Das Rätsel des Markverwesers - Teil 1

Am Abend erreichten wir Burg und Schloss Kranick, wo gerade ein Fest zugange war, auf dem auch Fremde willkommen waren und wir feierten kräftig mit. Dem Baron vom Kranick, einem gewissen Adalbert, war ein Nachkomme geboren worden (naja, also nicht dem Baron, sondern eher seiner Frau, klar…), und daher wurde nun gefetet. Allerdings wollte der Herr Baron auch ein Gastgeschenk haben, und so bot ich ihm ein wenig von meinem Pfeffer an, den er dann auch sofort probierte. Nachdem die Wiederbelebungsversuche erfolgreich waren und der Herr Baron wieder sprechen konnte, wollte er gerne ein Säckchen kaufen. Klar, für 4 Dukaten war es sein, höhö, und ich bekam quasi sein letztes Geld, das er noch hatte. Naja, man gönnt sich ja sonst nix, oder? Wir konnten auch im Gesindehaus übernachten, war zwar nicht sonderlich komfortabel, aber dafür umsonst.
Am nächsten Morgen wurden wir von lautem Herumgebrülle und Hufgetrappel geweckt. Ungefähr 20 schwarzgekleidete Berittene, die vor Waffen nur so starrten und – erschreck – Hörnerhelme trugen, begehrten lautstark Einlass. Angeführt wurden sie von einem Hoschi in dunkelroter – blutroter !!! – Rüstung. Der Rote forderte vom Baron "Tribut", was immer er damit auch meinte. Und der Baron konnte "nicht bezahlen". Da regte sich mein schlechtes Gewissen, wirklich… Leider raubte der Rote dann das Neugeborene und stach die Frau Baronin ab. Na, da konnte ich ja nicht anders, als aus dem Gesindehaus stürmen und dem Roten die 4 Dukaten von gestern Abend vor die Füße werfen. Das heißt, ich hab's versucht … der Versuch endete damit, dass mich vier stinkende Schergen meiner Kleidung entledigten, die 4 Dukaten aus dem zerrissenen Mieder klauten und mich vergewaltigen wollten. Schweinebande, wirklich! Aber dann rauschten sie plötzlich ab, mit dem Baby. Jorbolosch rief ihnen noch ein unflätige Worte hinterher, aufgrund dessen die Schergen erst stutzten, und dann das halbe Dorf nebst Karren der netten Korbflechter-Familie abfackelten.

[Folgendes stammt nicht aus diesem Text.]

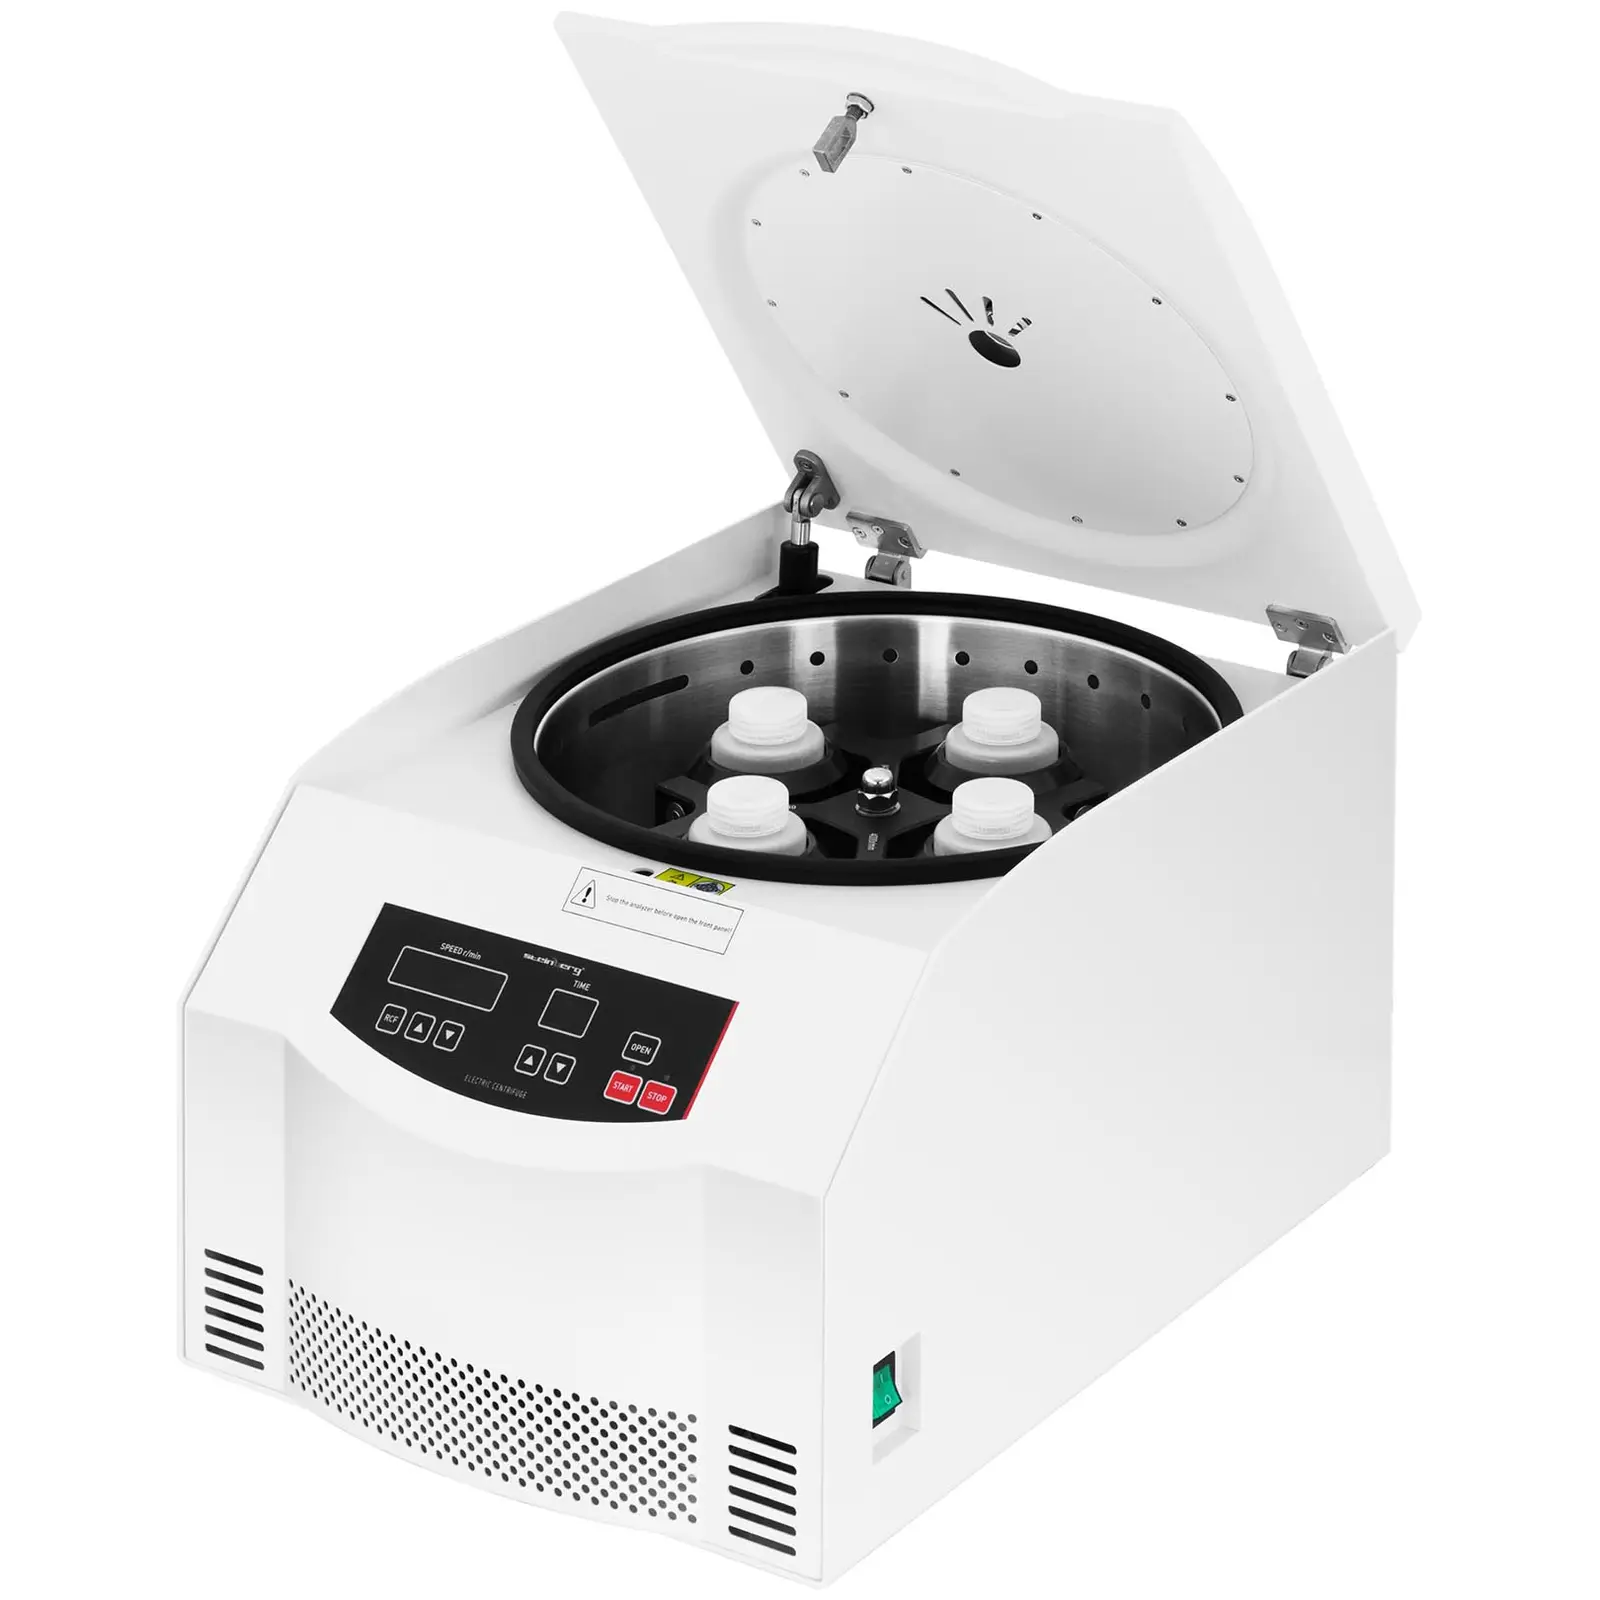 Asztali centrifuga készlet - 4 x 250 ml - RCF 4420 xg 32 x 10 ml-es lengőrotorral és 8 db 10–5 ml-es adapterrel
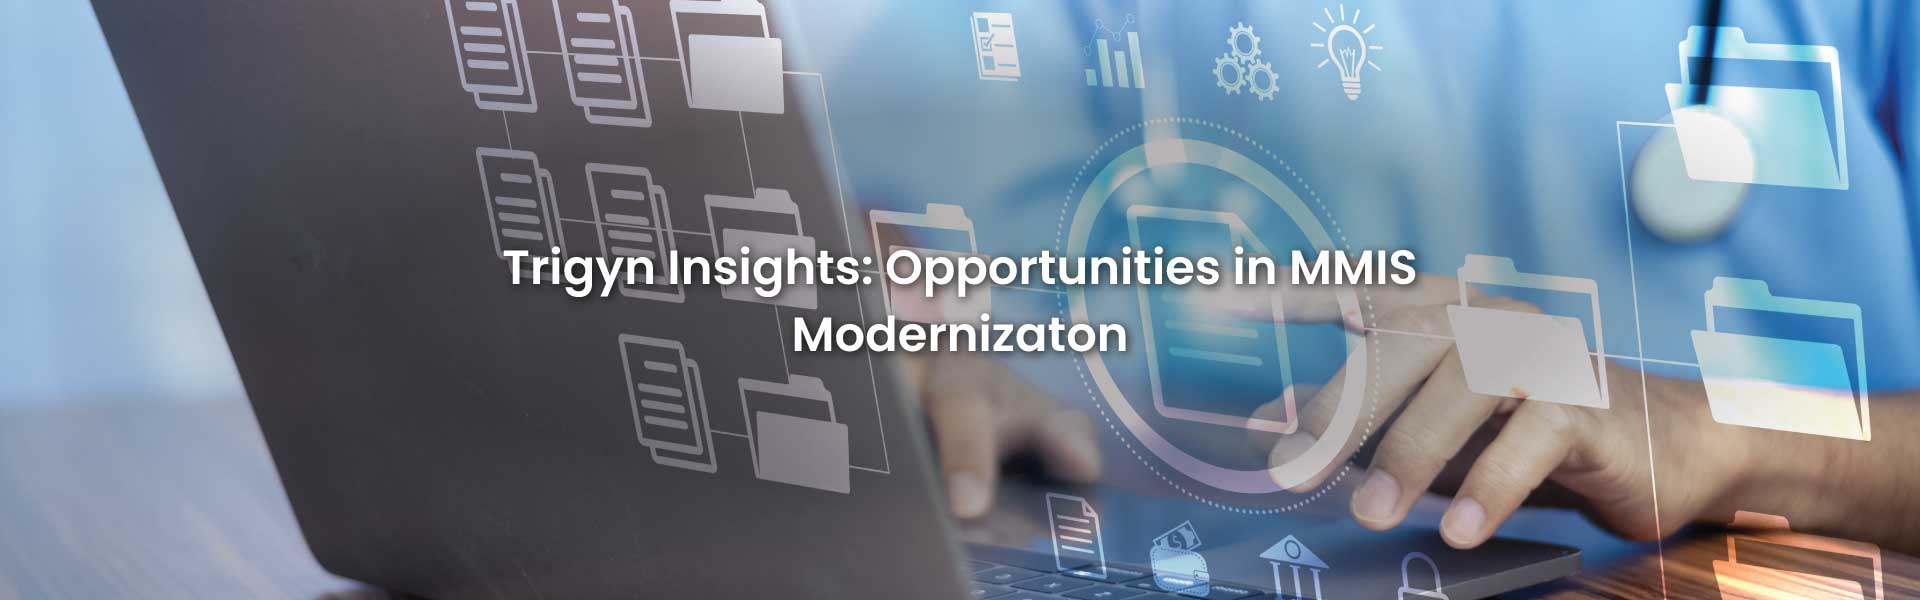 Opportunities in MMIS Modernization
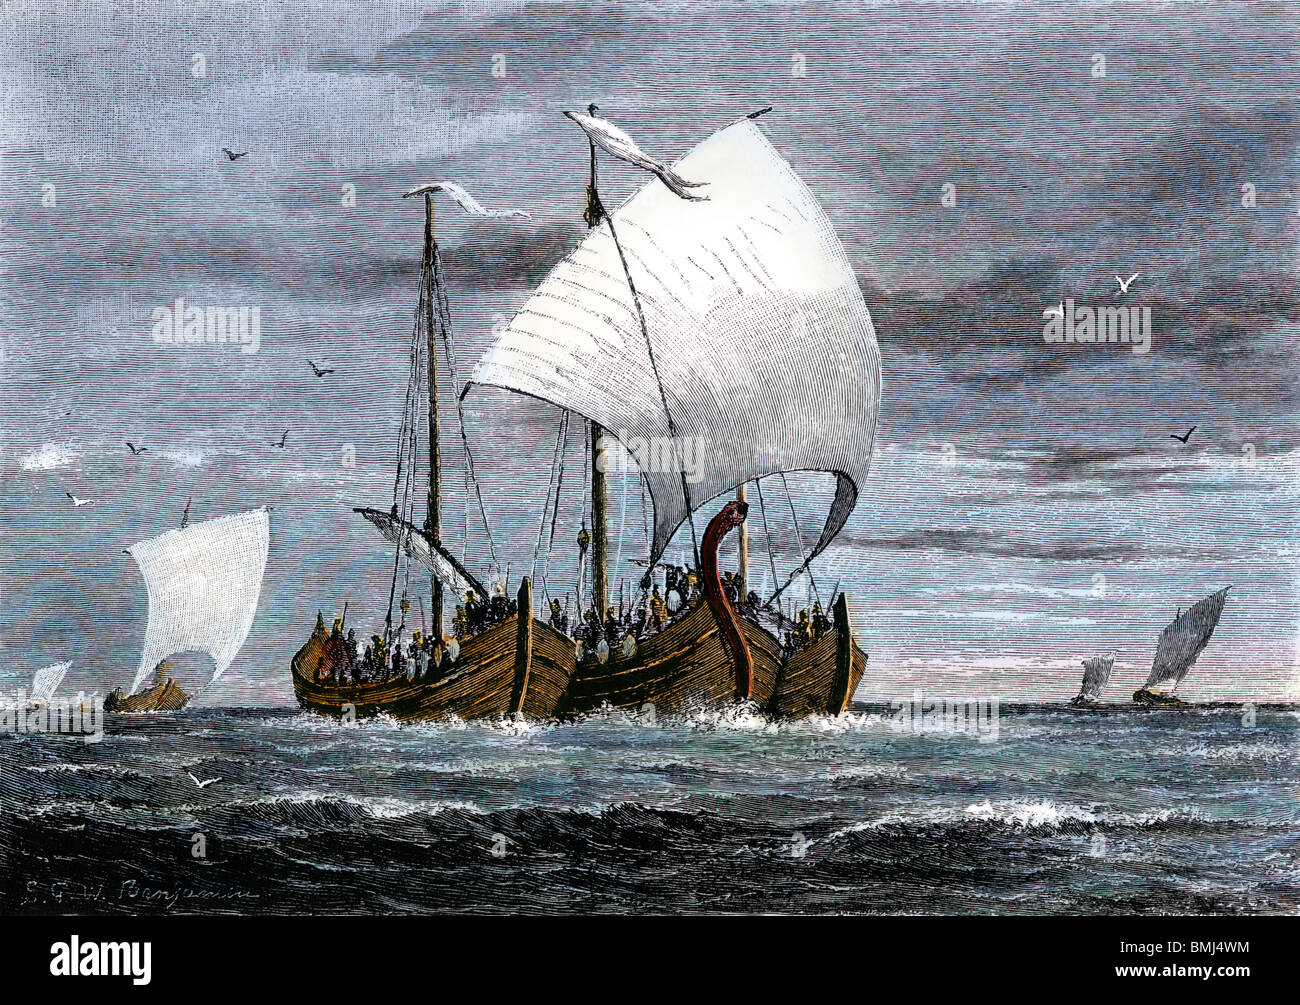 En mer avec les bateaux vikings guerriers à bord. À la main, gravure sur bois Banque D'Images
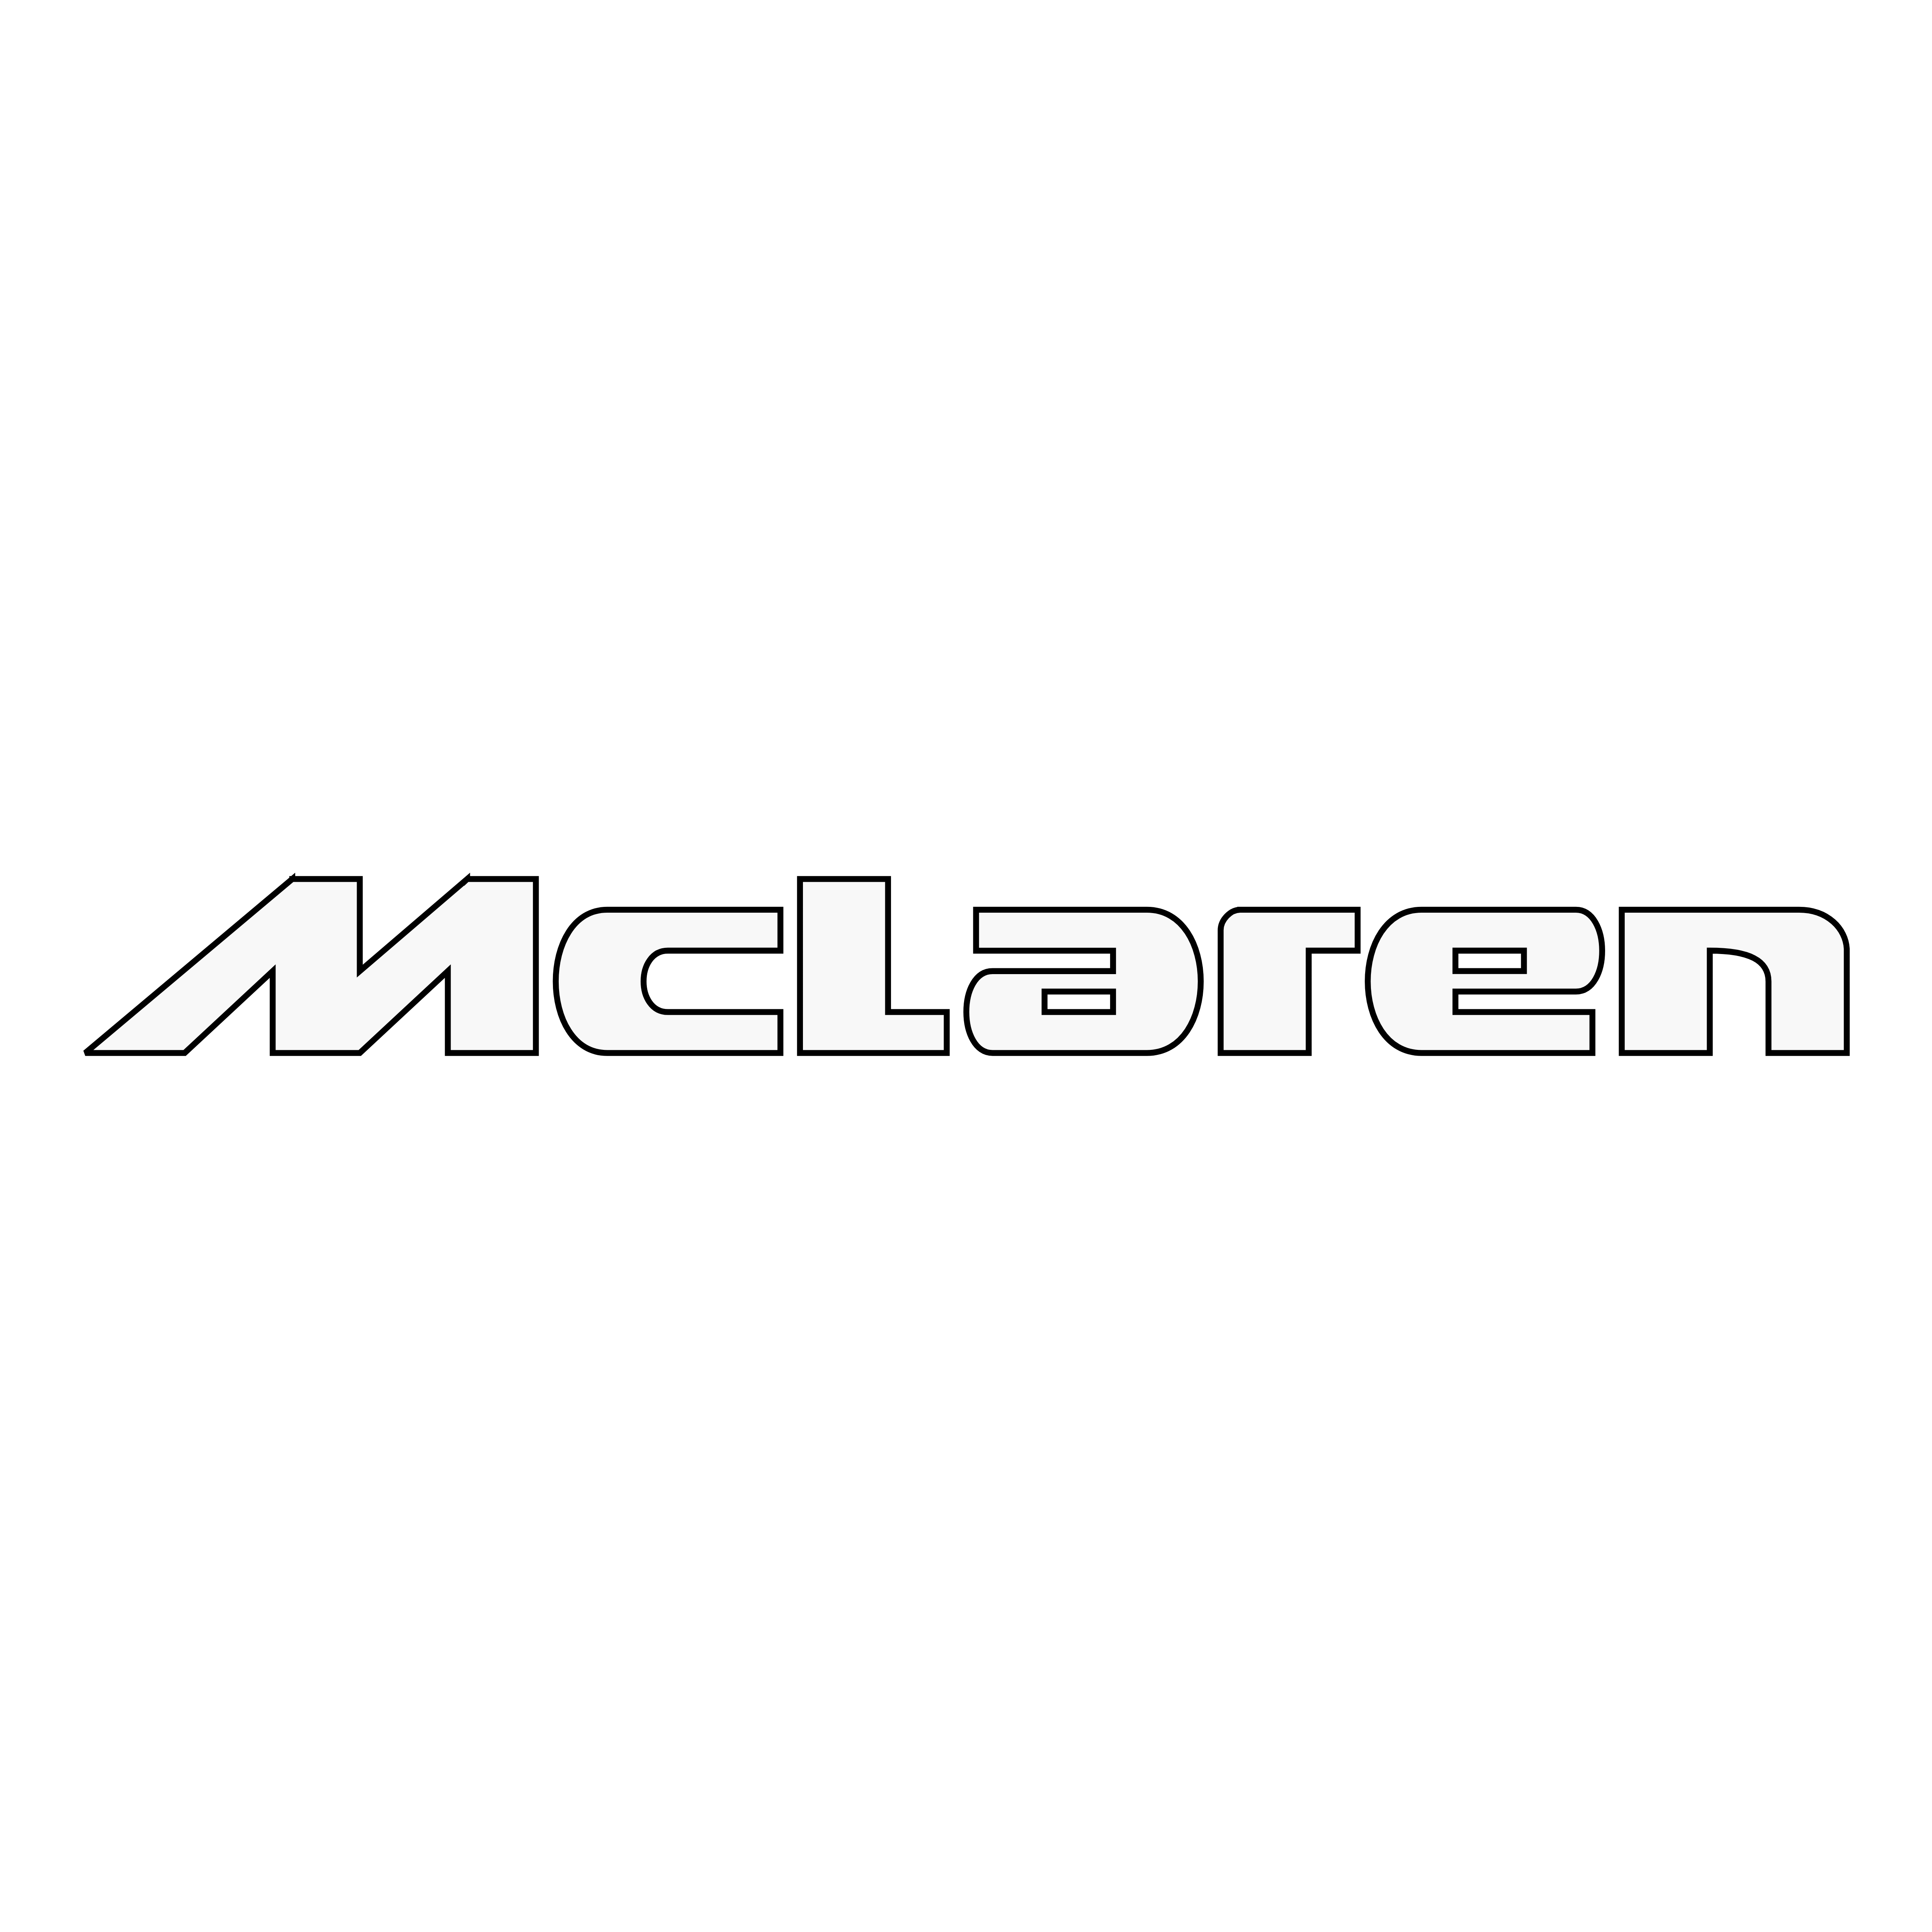 Download Mclaren Logo Free Pn

Da standen wir nun in unserem kurzen Hemd, das heißt, ich hatte eh keins mehr an. Mist. Aber wir wollten natürlich wissen, was da Sache war. Und der Baron erklärte: die Schergen gehörten zum Markverweser Reiherstolz, der seit kurzer Zeit unglaublich hohe Steuern mit Blut und Schwert eintrieb. Und der Graf von Bärenstein, der eigentlich über dem Markverweser stand, tat nix. Baron Adalbert hatte bereits schon mehrere Boten zum Grafen geschickt, aber nichts passierte. Also mussten diesmal eher … unauffällige Boten her. Und da wir eh in Richtung B-Stadt (wo der Graf wohnte) unterwegs waren …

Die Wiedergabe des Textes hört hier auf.